> **What you should do**: Repeat the listing that follows exactly. Pictures are not part of the copy.

> **Data below**:
##########

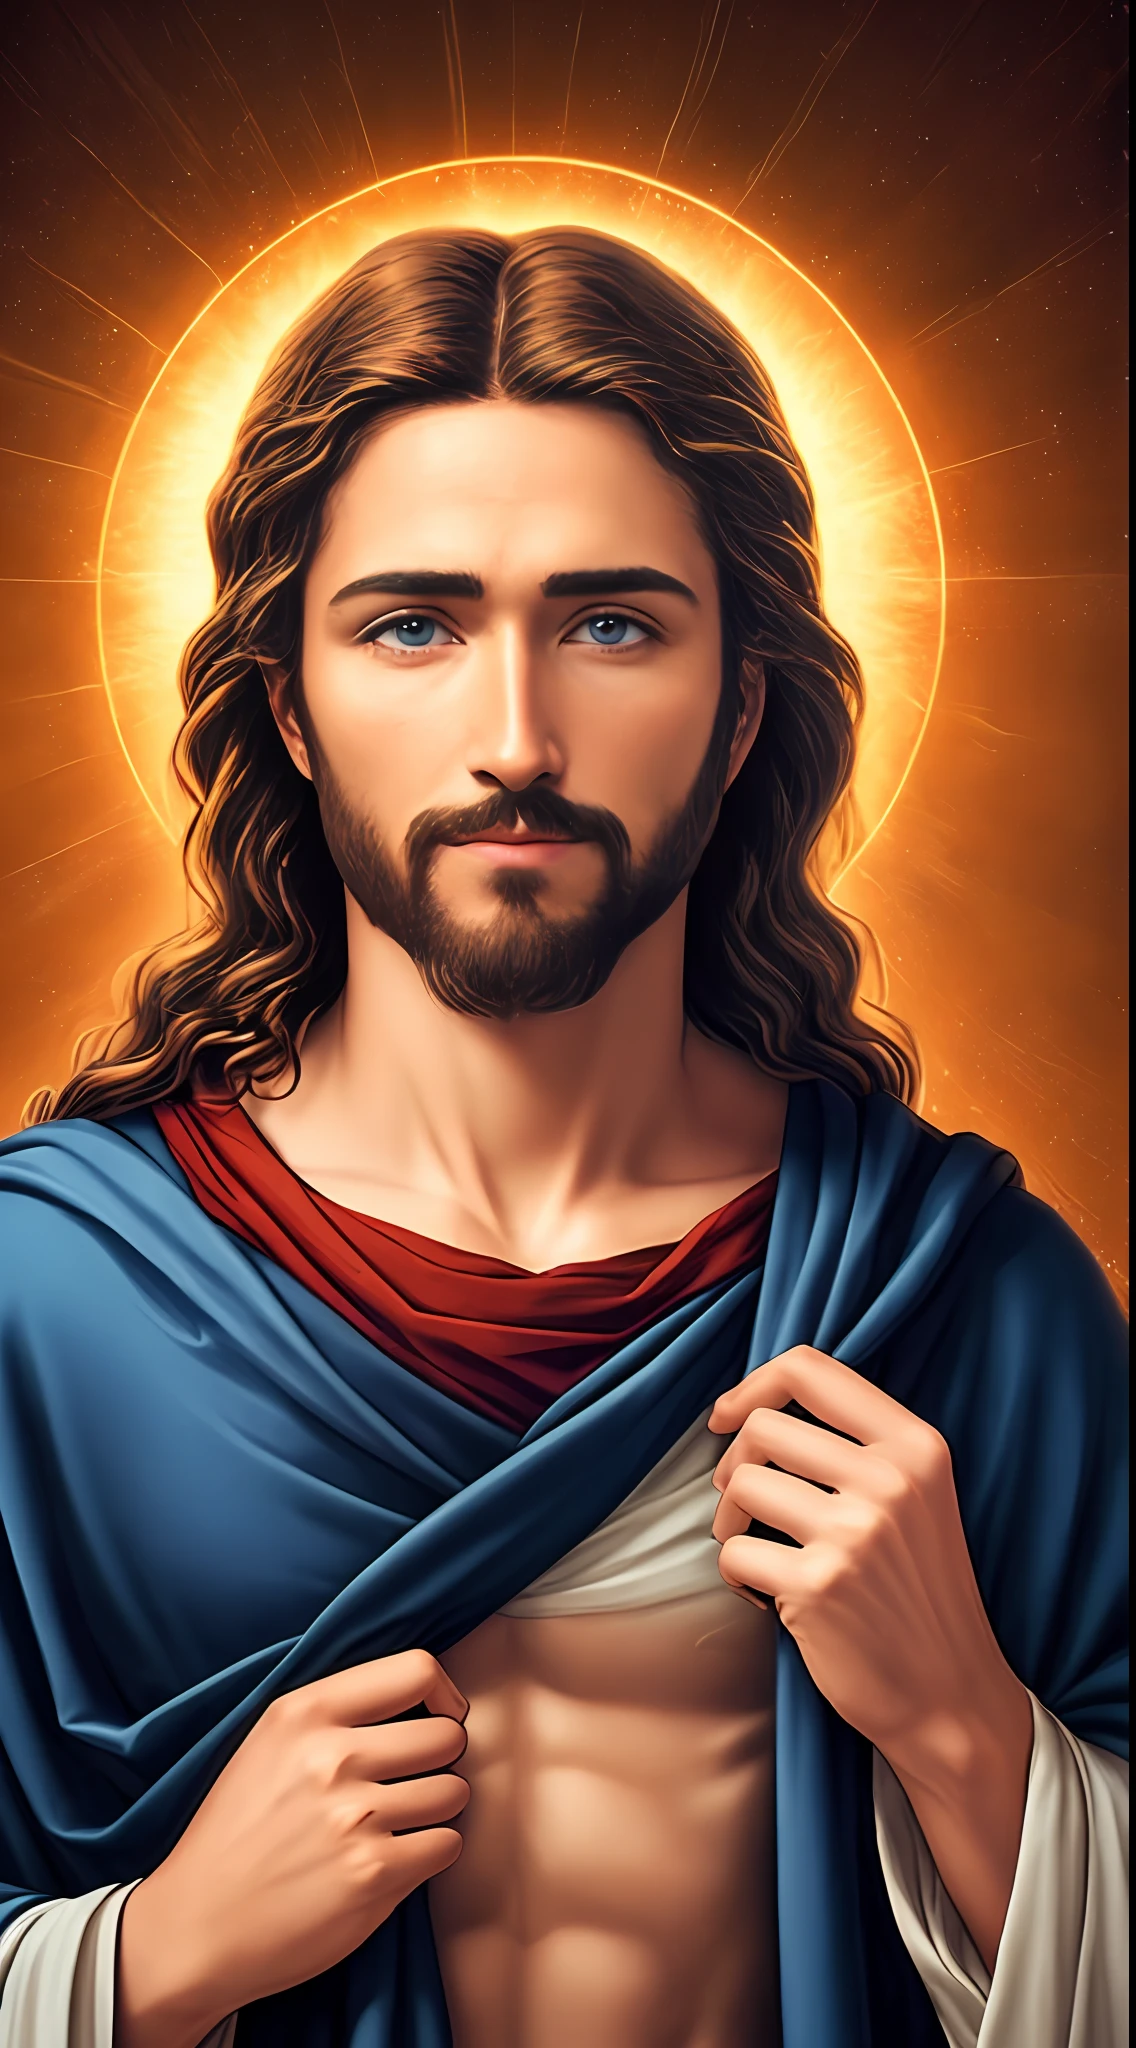 8k Фотография 1 одинокий красивый Иисус, благословения, вид на небеса Иисуса, настоящие голубые глаза, благословляя людей Иисус
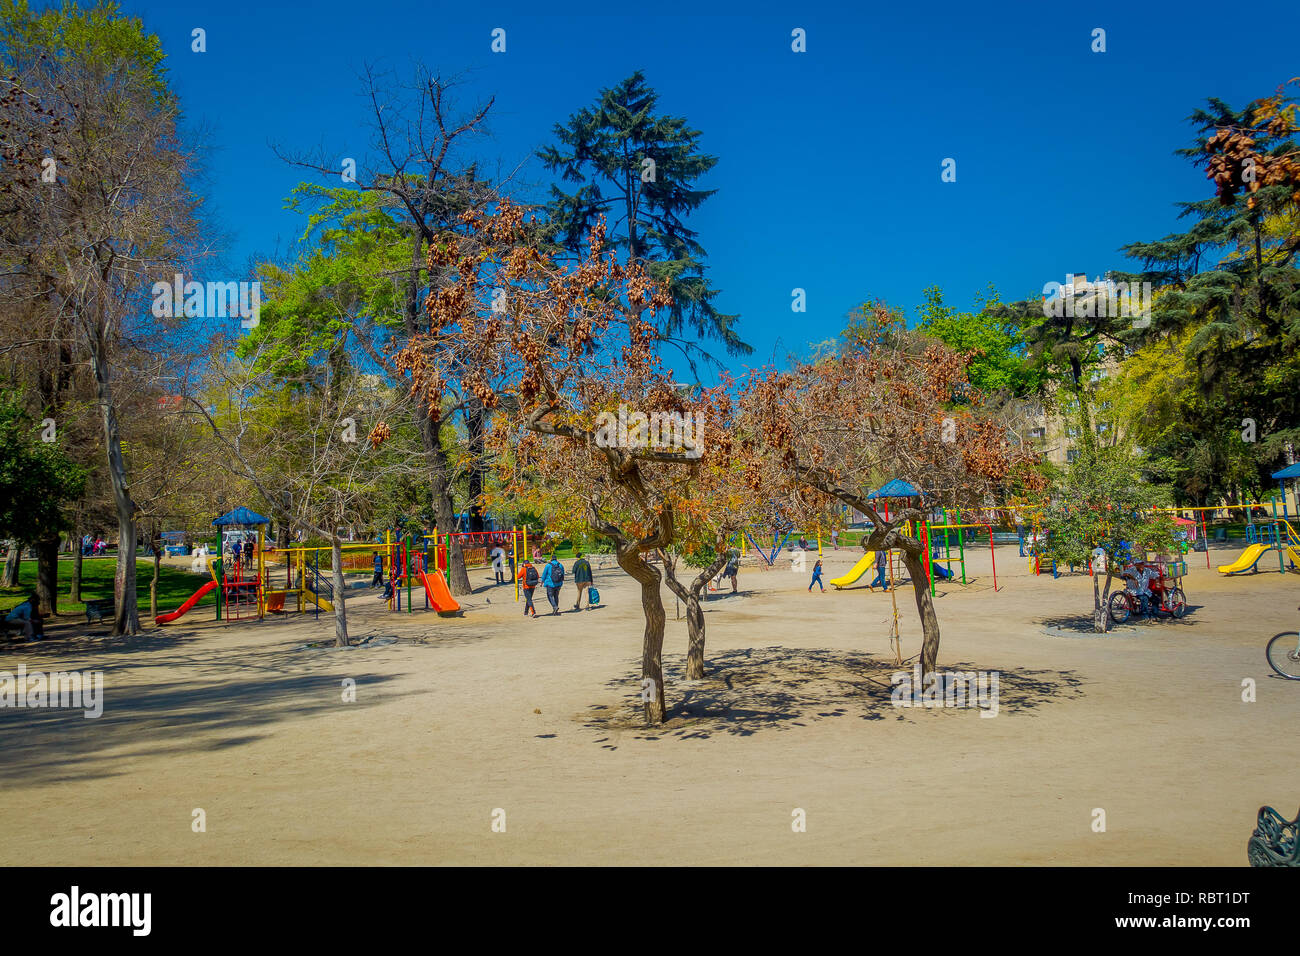 SANTIAGO, CHILE - 17. SEPTEMBER 2018: Unbekannter unscharfes Bild von Menschen zu Fuß in den sandigen Spielplatz am Forestal Parks in Santiago, der Hauptstadt Chiles Stockfoto
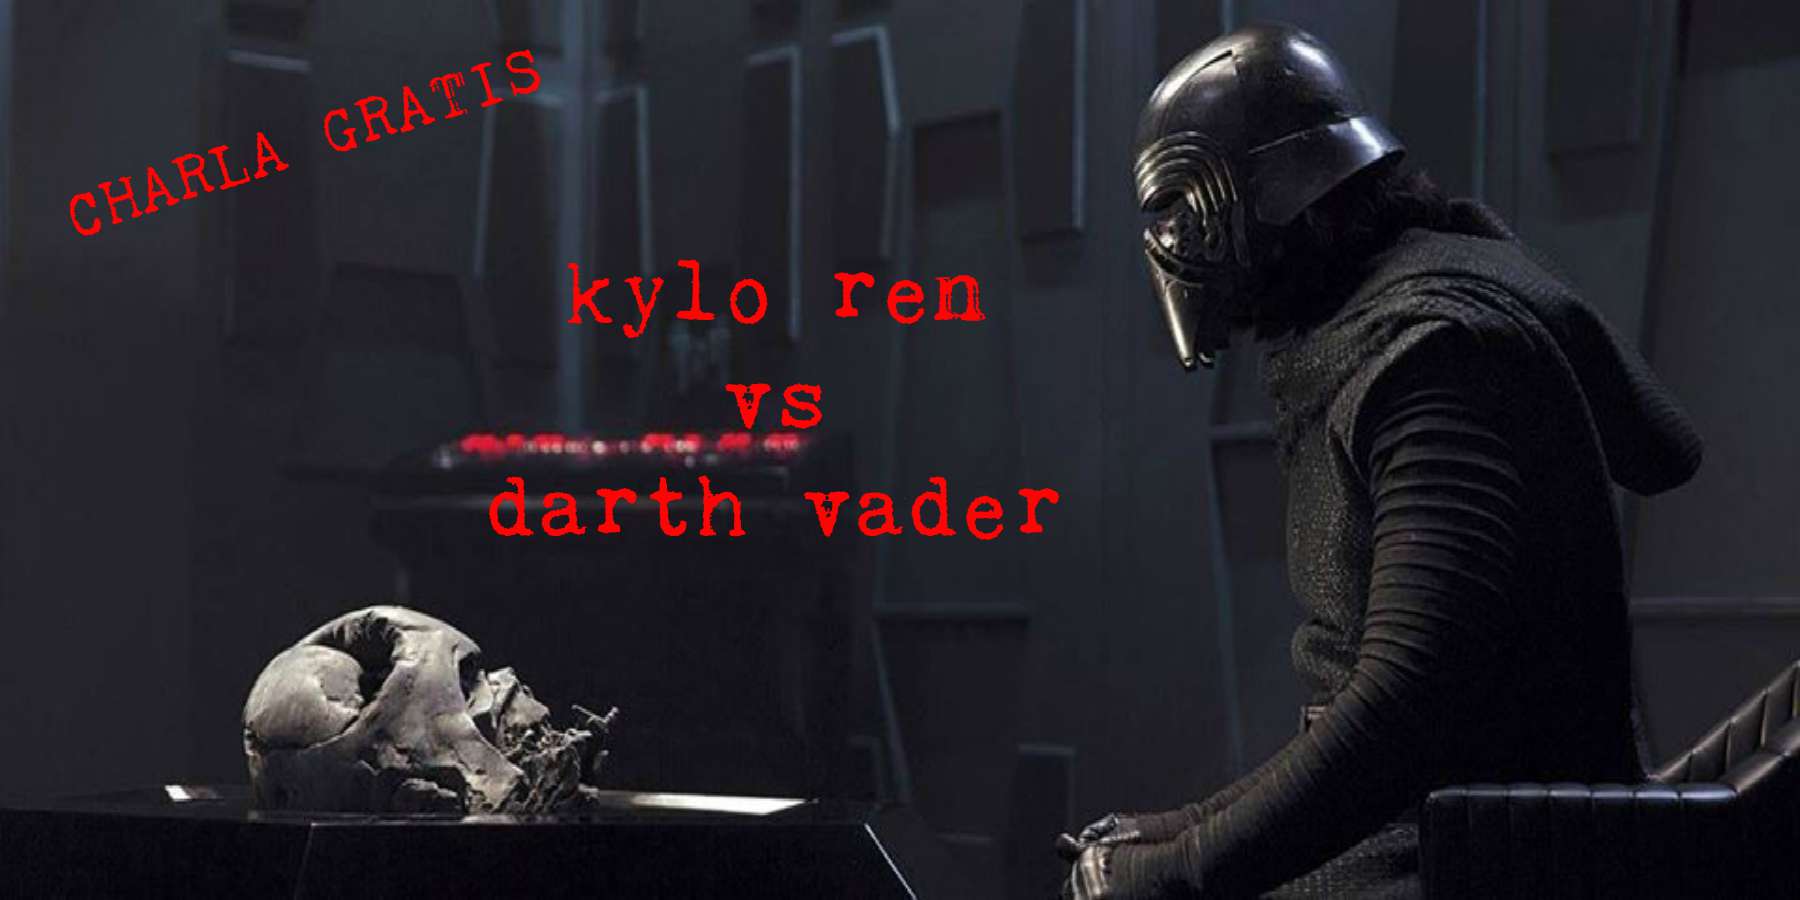 Star Wars | La admiración por el Poder Absoluto: Darth Vader y Kylo Ren
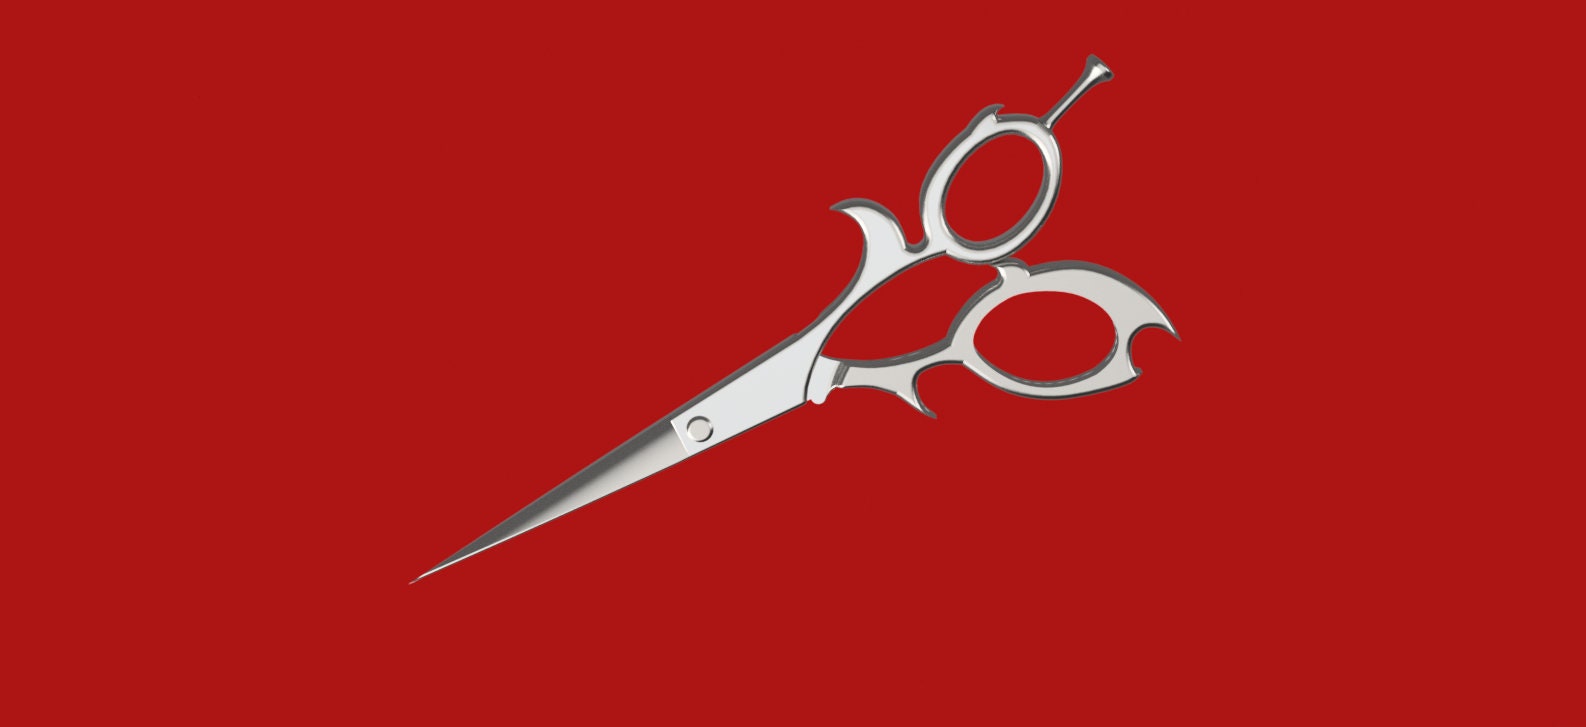 Giant Hairdresser Scissors Prop

##########

> **Exercise response**:
 8k Фотография 1 одинокий красивый Иисус, благословения, вид на небеса Иисуса, настоящие голубые глаза, благословляя людей Иисус
 SANTIAGO, CHILE - 17. SEPTEMBER 2018: Unbekannter unscharfes Bild von Menschen zu Fuß in den sandigen Spielplatz am Forestal Parks in Santiago, der Hauptstadt Chiles Stockfoto
 Star Wars | La admiración por el Poder Absoluto: Darth Vader y Kylo Ren
 Giant Hairdresser Scissors Prop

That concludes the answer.